WHAT IT MEANS: There are three interesting things about this deal, should it go through.

  • The first thing is that, if they agree to it, Democrats will be forfeiting the only leverage they have to force a vote to protect recipients of Deferred Action for Childhood Arrivals—or at least to protect them without a slew of onerous concessions, including a dumb border wall and the gutting of legal immigration. That’s why the left is pissed [Politico]: “Progressives are frustrated that Senate Democrats cut a budget deal while relief for the young undocumented immigrants known as Dreamers remains in limbo—and with nothing more than a commitment from McConnell to begin an open-ended immigration debate next week. Pelosi sought to align herself with her party’s base on Wednesday, launching into a rare extended floor speech in the morning and declaring that she would oppose a spending agreement without a commitment from House Speaker Paul Ryan (R-Wis.) for a floor debate on Dreamers.”
  • “House Republicans are almost certain to need Democratic votes to pass the sweeping agreement, giving Pelosi significant leverage to force some kind of concession from House GOP leaders on stalled immigration talks.”
  • “Lawmakers in the ‘Quad Caucus’—the Congressional Hispanic Caucus, Congressional Black Caucus, Congressional Asian Pacific American Caucus and the Congressional Progressive Caucus—were also planning to put out a statement Wednesday opposing any budget deal without progress on Dreamers. The four groups make up a significant portion of the 193-member Democratic Caucus and at least some of their votes are likely critical to passing the budget deal in the House.”
  • The second thing is that Republicans, who blasted any and all nondefense spending in the Obama era, have effectively embraced red ink under Trump [WaPo]: “Republican lawmakers in 2011 brought the U.S. government to the brink of default, refused to raise the debt ceiling, demanded huge spending cuts, and insisted on a constitutional amendment to balance the budget. On Wednesday, they formally broke free from those fiscal principles and announced a plan that would add $500 billion in new spending over two years and suspend the debt ceiling until 2019. This came several months after Republicans passed a tax law that would add more than $1 trillion to the debt over a decade. With all these changes, the annual gap between spending and revenue in 2019 is projected to eclipse $1.1 trillion, up from $439 billion in 2015. And they are expanding the deficit at an unusual time, when the economy is growing and unemployment is low, a dynamic that often leads to shrinking budget gaps.”

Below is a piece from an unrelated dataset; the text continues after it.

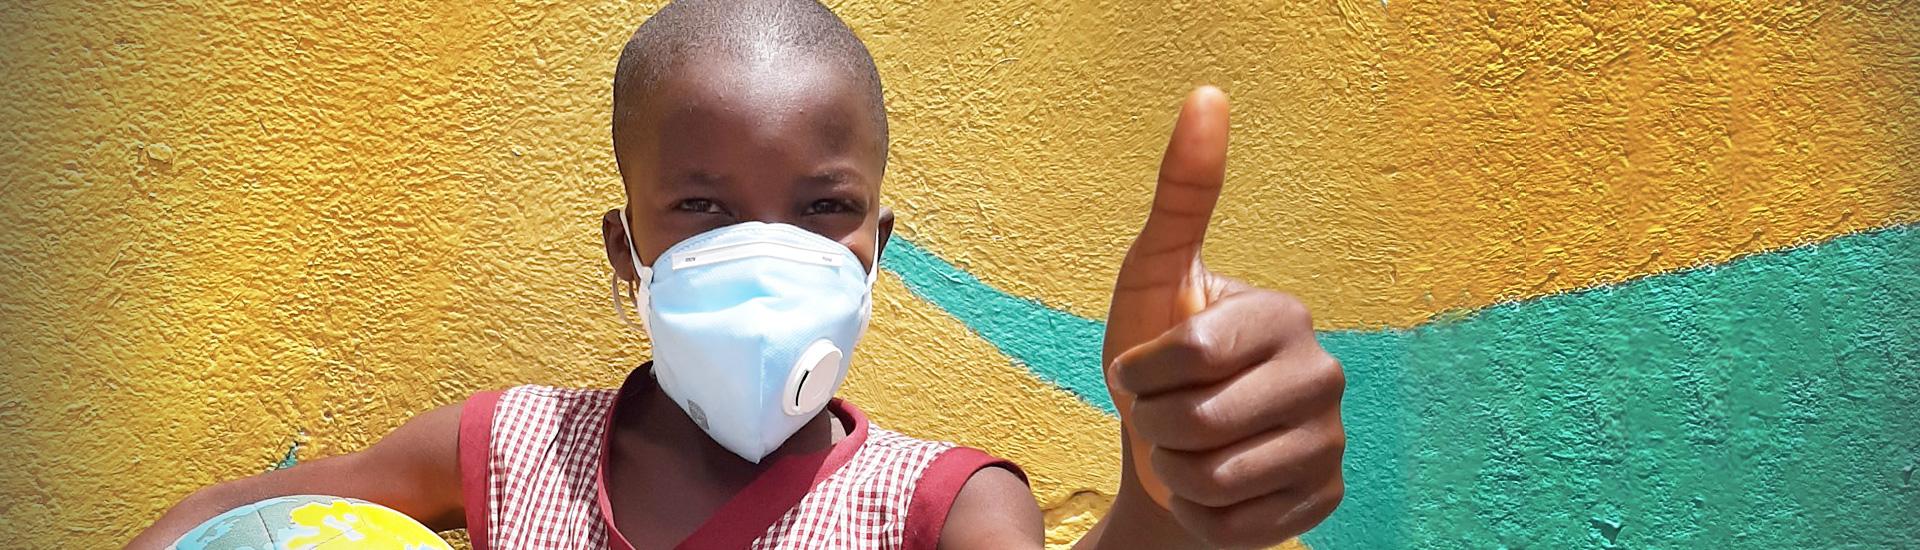 Emergencia coronavirus en el mundo

  • That last point leads to the third thing: we’re doing this backward. When the economy is cratering, that’s the time for deficit spending and tax cuts—basically, you want to flood the economy with money to get the ball rolling again. That’s what the stimulus was all about. But Republicans hated all that stuff and caterwauled about the crippling deficits we’d been leaving our grandchildren; the fought it every step of the way, which, quite frankly, hurt the economic recovery and is one reason it took so long to get back on its feet. Now, however, with the economy sturdy, they’re passing unfunded tax cuts and blowing obscene amounts of money on the military (and giving Democrats concessions on domestic spending to do so). Again, this is backward: when the economy’s doing well, that’s the time to get your fiscal house in order, to rein in deficits. But instead of tapping the breaks, we’re putting pedal to metal and running up historic deficits at a time when the economy doesn’t really need a stimulus.